= James Thomson (journalist) =

James Thomson (1 September 1852 – 4 August 1934) was an Australian journalist and newspaper owner.

Thomson was born in Cullycapple, County Londonderry, Ireland, son of Alexander Thomson and Martha his wife.
He went to Geelong, Victoria, with his parents in 1853, and was educated at Geelong Presbyterian School, and at the National Grammar School, Castlemaine. He served his apprenticeship on The Argus newspaper, and subsequently joined the staff of the Kyneton Observer, of which he became editor, joining the Melbourne Daily Telegraph in 1874.

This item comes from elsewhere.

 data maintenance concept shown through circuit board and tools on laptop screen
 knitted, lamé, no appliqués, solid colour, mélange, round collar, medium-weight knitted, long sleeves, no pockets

Thomson married at Trinity Church, East Melbourne, on 1 June 1878, Alice, second daughter of the late John Leyland, contractor, Liverpool. In the intervals of press work, he acted as Secretary to the Parliamentary Boards on State Schools, Safety Mining Cages, Wattle Bark, etc., and to the Royal Commission on the Tariff. He was Secretary of Committees for the Melbourne International Exhibition of 1880-81, and Secretary to the Victorian Commissioners to the Calcutta and Colonial and Indian Exhibitions, the success of the Victorian Court at the latter owing much to his organising ability. He was a Commissioner for the Melbourne Centennial Exhibition of 1888. He started the Melbourne Evening Standard newspaper on 29 April 1889, and in 1890 founded the Sporting Standard, of which both papers he was general manager.

Thomson left the Evening Standard when it merged with The Herald in 1894, and wrote articles about Western Australia for the Melbourne Age. In the region of Murchison (Western Australia), Thomson started the Murchison Times and Day Dawn Gazette; he died in Perth, Western Australia aged 81.